=== Supplied data ===

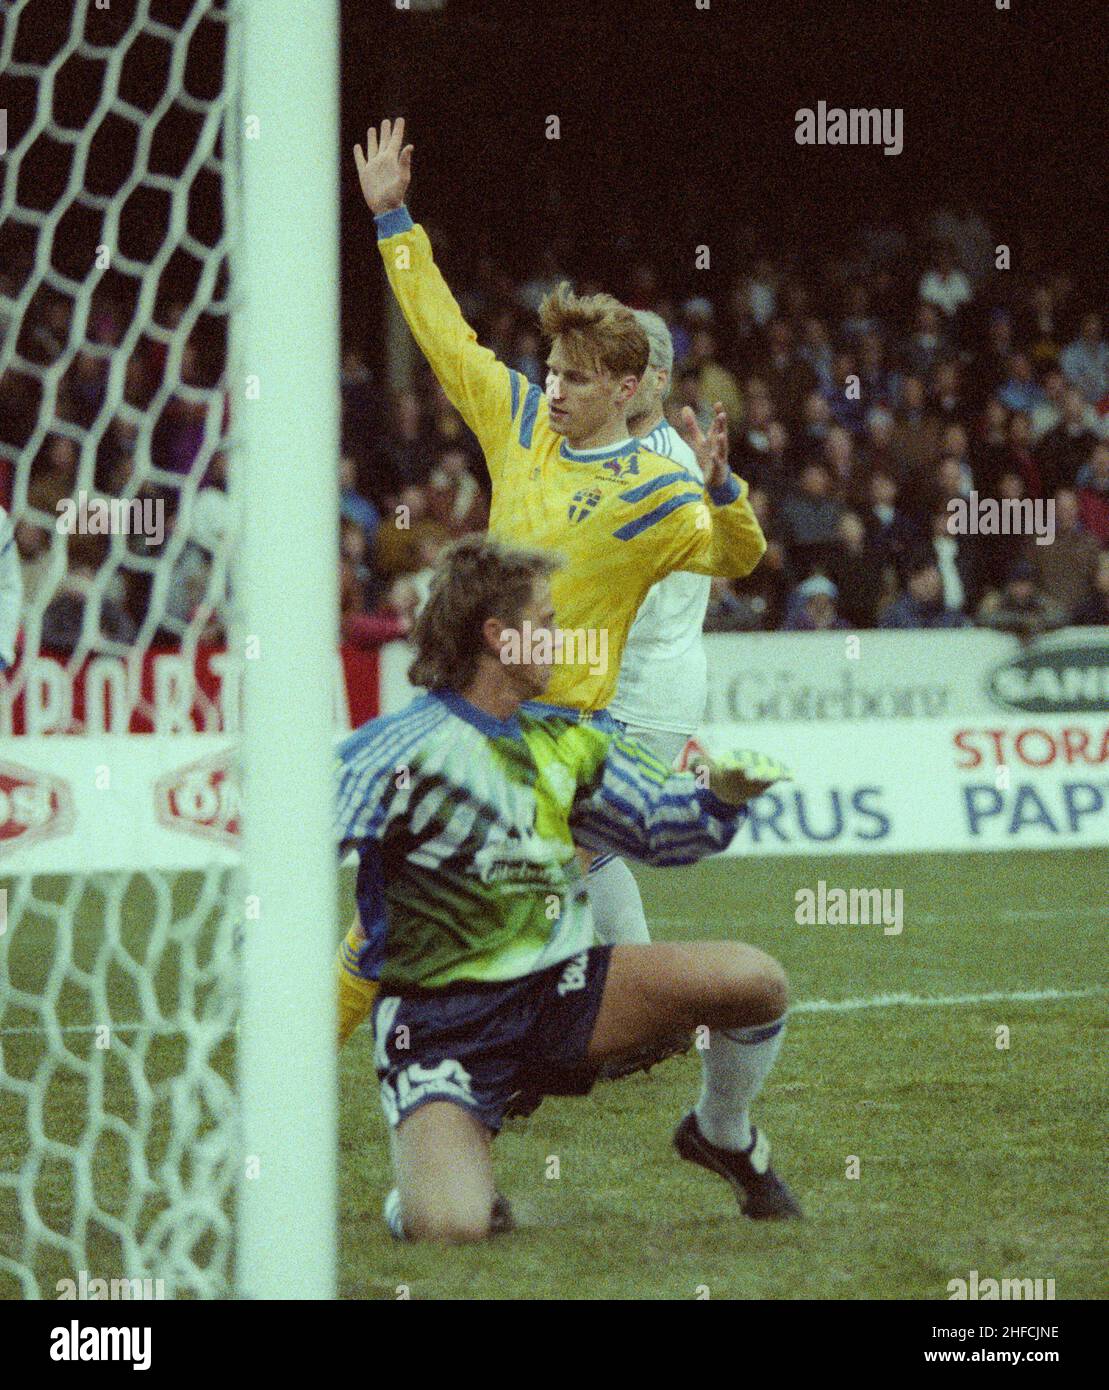 KENNET ANDERSSON football player in Swedish National team and professional in Belgium Mechelem during European Championship in Sweden 1992.Scores on Sören Bjärelöv  in a friendly game against the Gothenburg town team before the championship Stock Photo
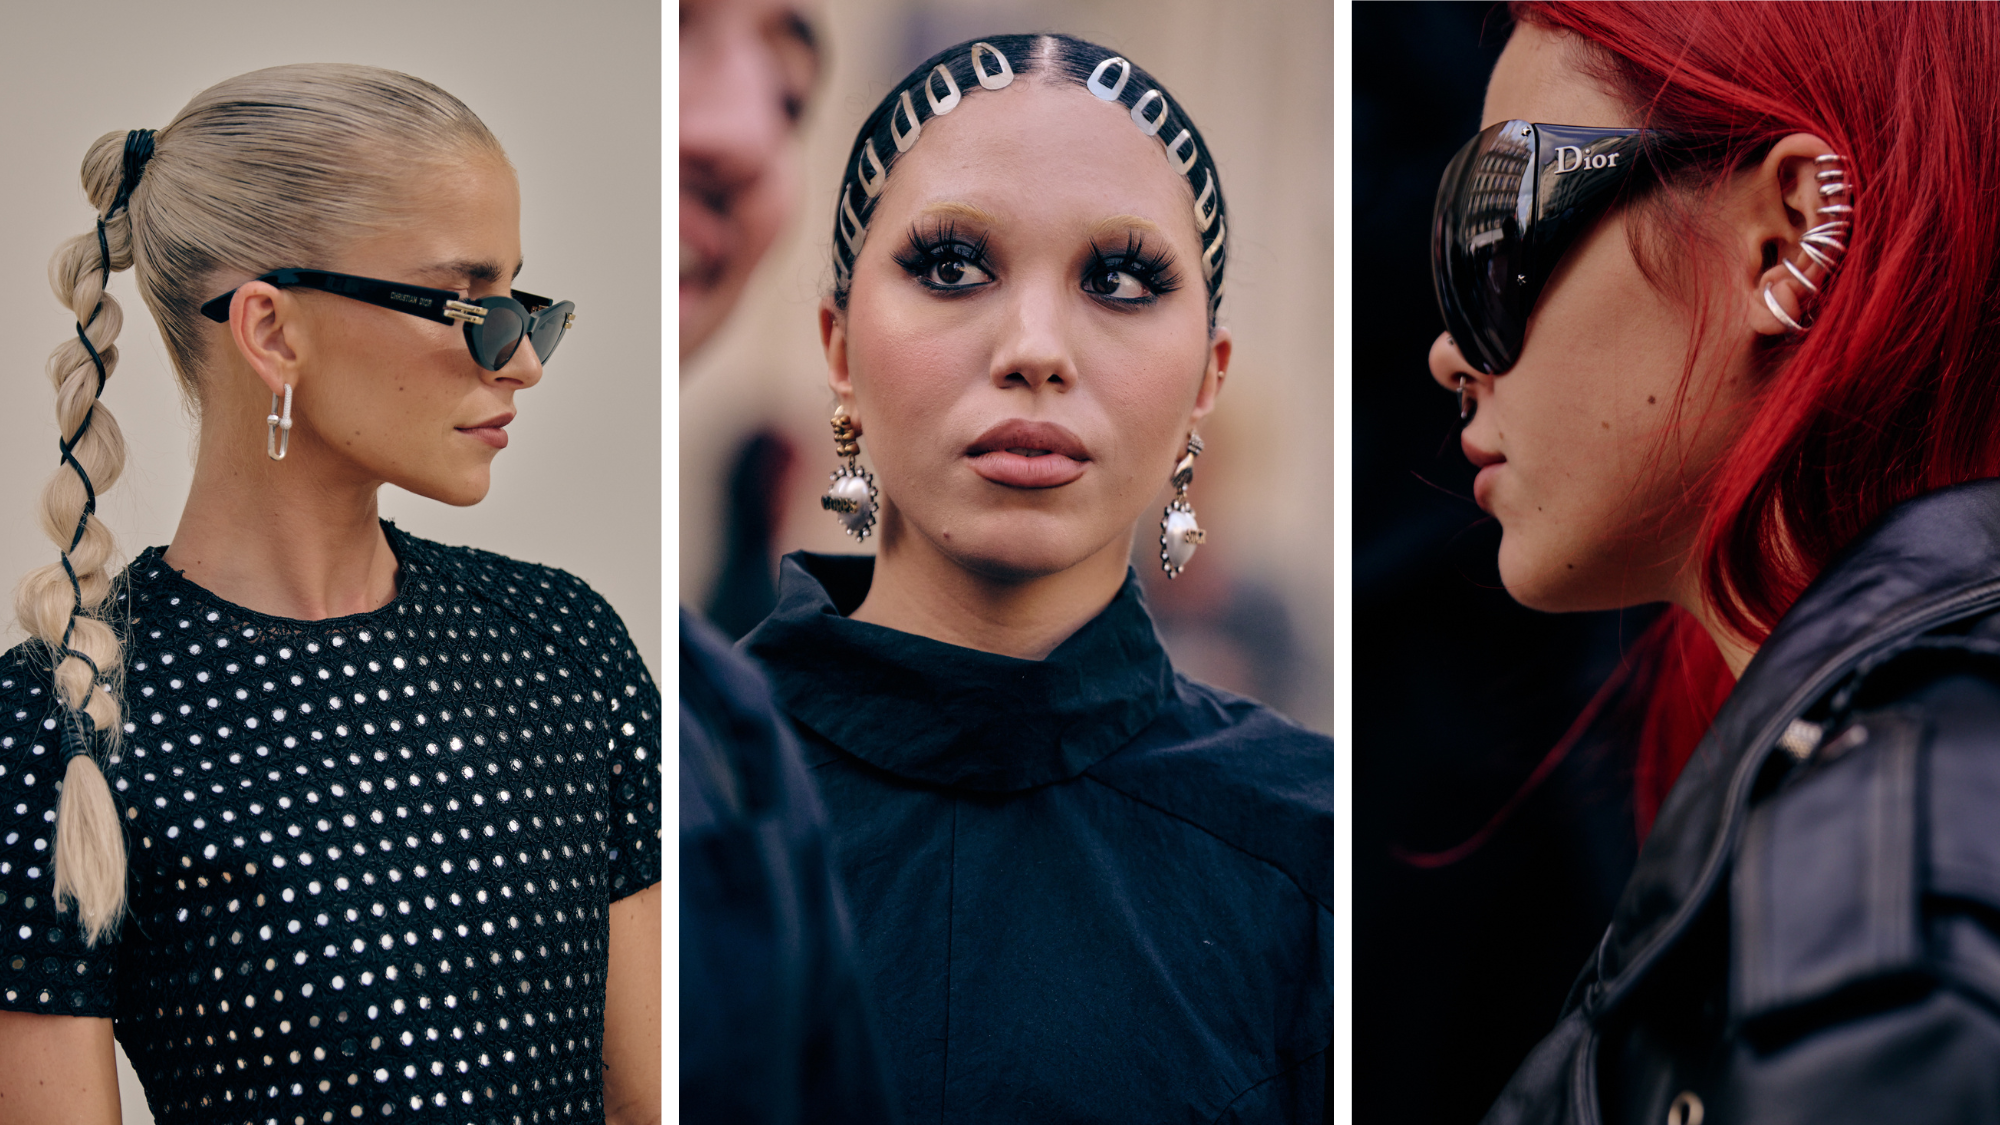 Paris Fashion Week’s Street Style Is Paying Due Respect to Beauty
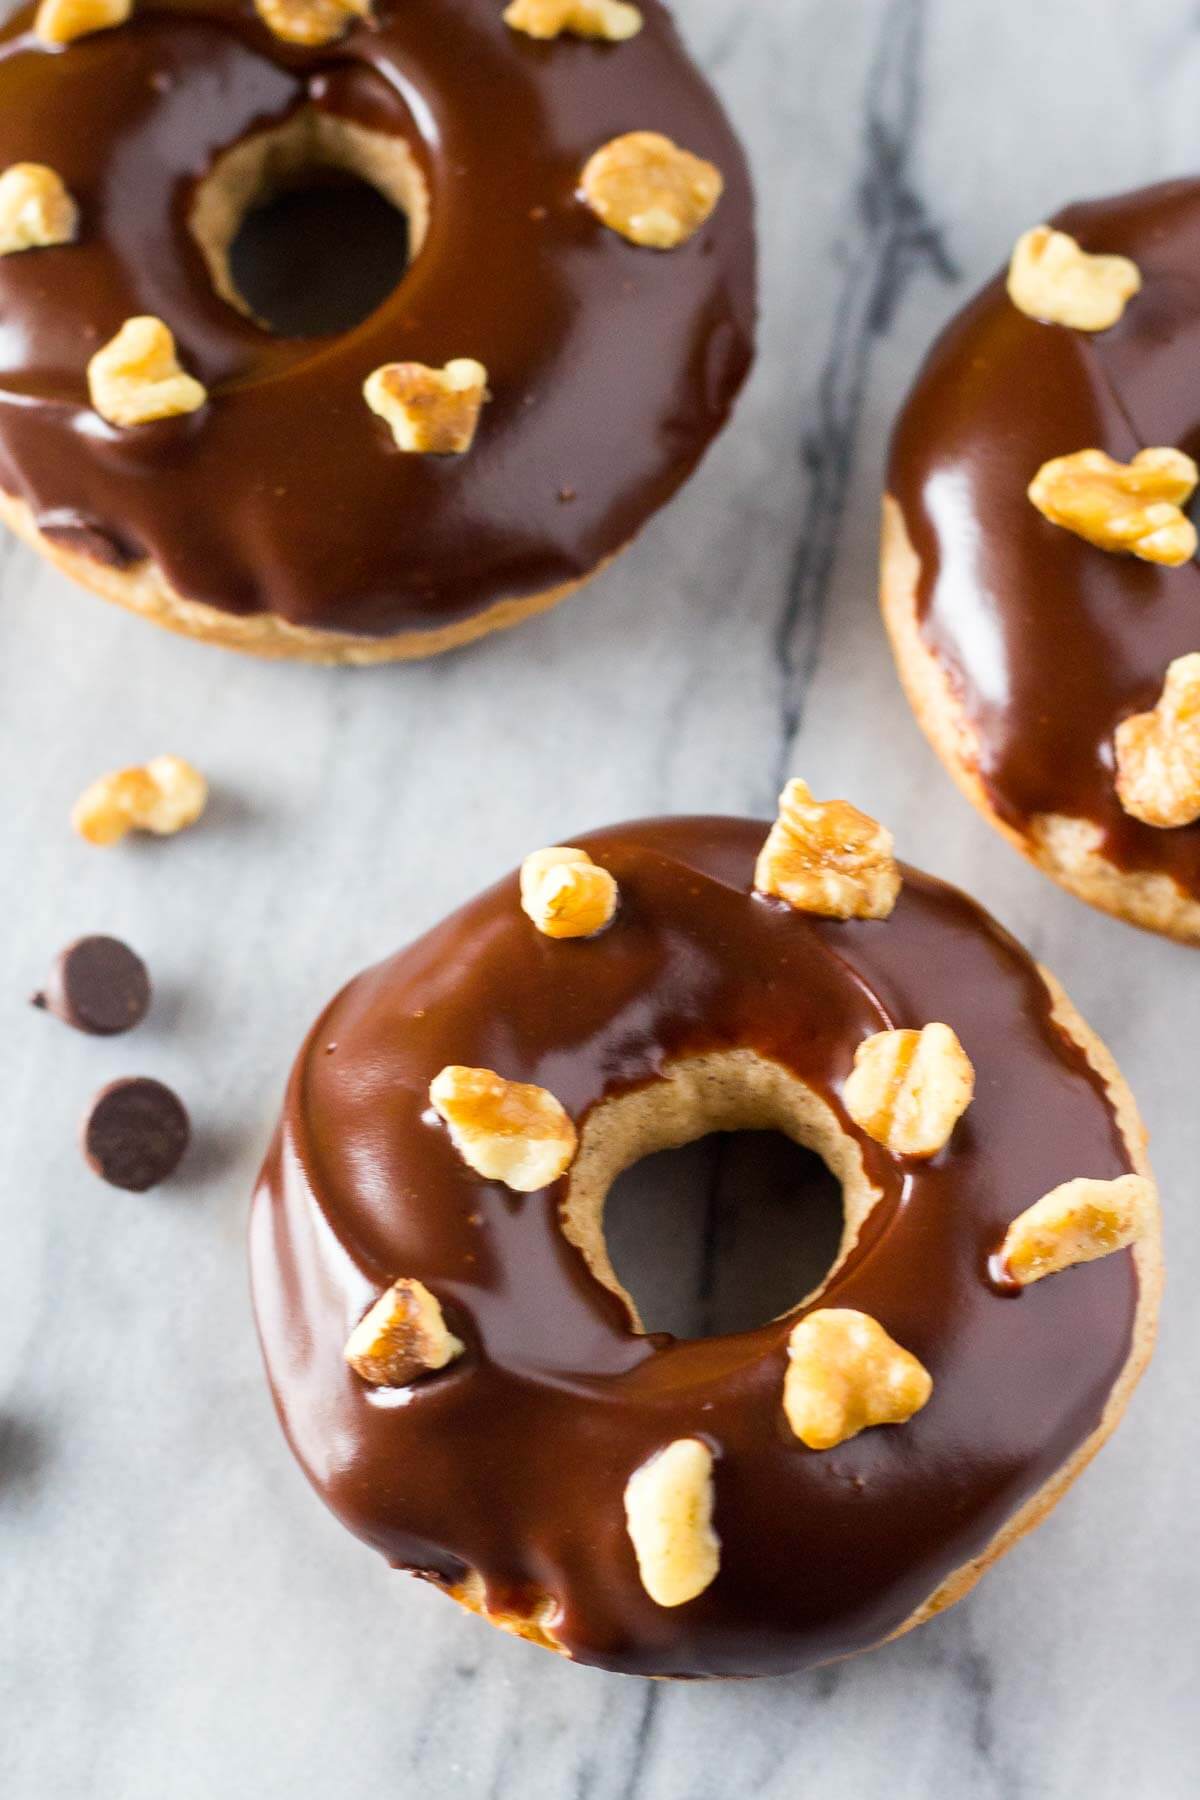 Banana Doughnuts with Chocolate Glaze - Baked not fried with big banana bread flavor & so perfect for breakfast!

===

What the task requires: What is needed is the data above, retyped exactly, with every picture left out.

Response box:
 KENNET ANDERSSON football player in Swedish National team and professional in Belgium Mechelem during European Championship in Sweden 1992.Scores on Sören Bjärelöv  in a friendly game against the Gothenburg town team before the championship Stock Photo
 Paris Fashion Week’s Street Style Is Paying Due Respect to Beauty
 Banana Doughnuts with Chocolate Glaze - Baked not fried with big banana bread flavor & so perfect for breakfast!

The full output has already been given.